Thin Lizzy - Fighting (1975)


  

Released September 1975

Recorded at Olympic Studios, London

After the laid-back, late night rock of "Night Life", that at times had an almost funky edge, Thin Lizzy's next offering was far more seriously rocking with what would become a trademark two lead guitar attack of Scott Gorham and Brian Robertson to the fore, one fire on every track. From those early folky-influenced, Celtic-influenced albums to the slightly low-key predecessor, this was the album that saw Thin Lizzy become a proper hard rocking band, end of story.

They turn Bob Seger's "Rosalie" into their own iconic song, it just sounds so good, every time I hear it, while "For Those Who Love To Live" has that Springsteen-esque air of some of the subsequent "Jailbreak" album to it. "Suicide" is just classic Thin Lizzy rock, (it actually dates back to 1972), with excellent guitar all over it and Phil Lynott's menacing vocals on top form. Top quality rock, this. Just to show they hadn't quite left that wistful Celtic feel completely in the past, "Wild One" had some Irish-sounding refrains and guitar and another convincing vocal, strong but soulful. "Fighting My Way Back" continues the all-out rock attack, with a slightly wah-wah riff at the beginning and some impressive drum rock. The pace hasn't really let up at all, as yet.

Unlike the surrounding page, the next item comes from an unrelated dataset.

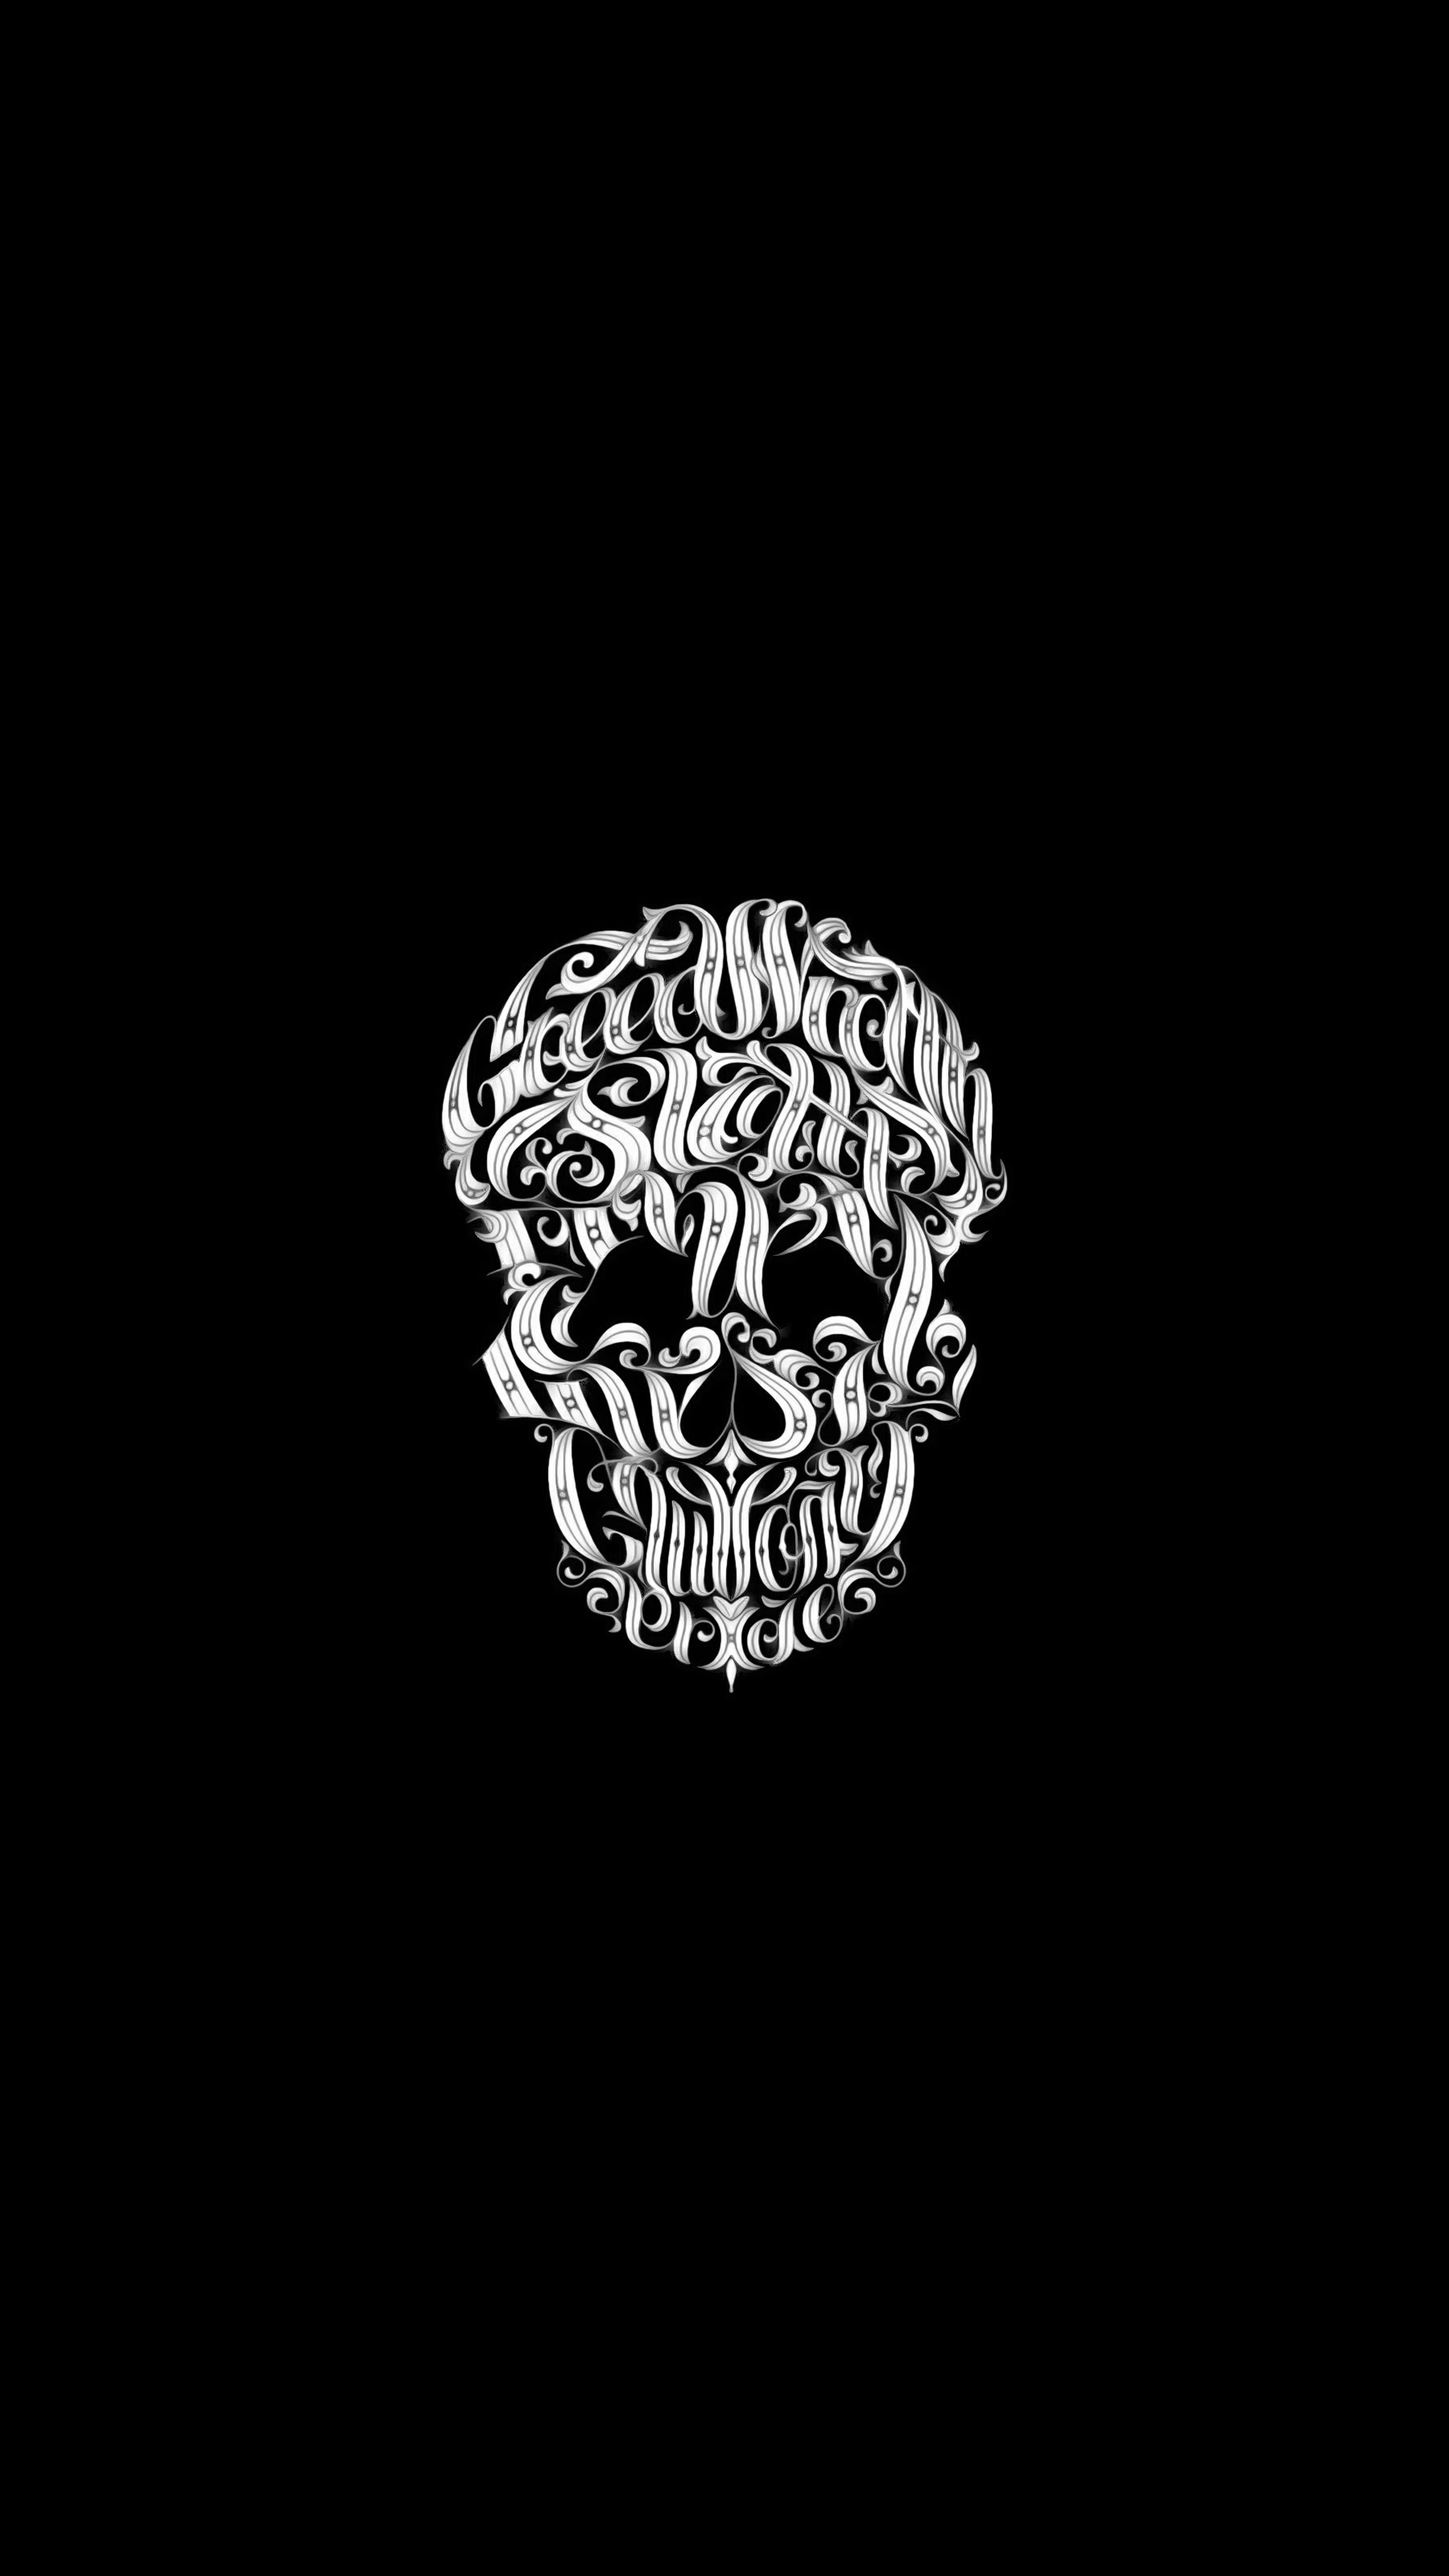 Art Skull iPhone Wallpaper

"King's Vengeance" has a melodic tone to it, and some dual high-pitched guitar riffs, but it still rocks. As you listen to this, you think just what an underrated album it is. Personally I prefer it to the more commercially successful "Jailbreak". "Spirit Slips Away" finally sees the tempo slow down, giving us one of those classic Thin Lizzy tuneful but powerful, bassy rock ballads. Lynott's voice is yearning and seductive on here. "Silver Dollar" is a bit more laid-back too, although it has its big crashing guitar moments, despite its slightly less visceral passages in comparison to the first half of the album.

"Freedom Song" has some of those classic Lizzy guitar runs that immediately identify it as a Thin Lizzy song. I forgot to say earlier that the remastered sound on the album is excellent too. It has only been a relatively short, ten track album (that's fine by me, actually). It ends with the rocking but slightly more ordinary "Ballad Of The Hard Man". It has some searing guitar interplay half way through, though. Overall, it has been an impressive album, and one that confirmed Thin Lizzy as the real thing.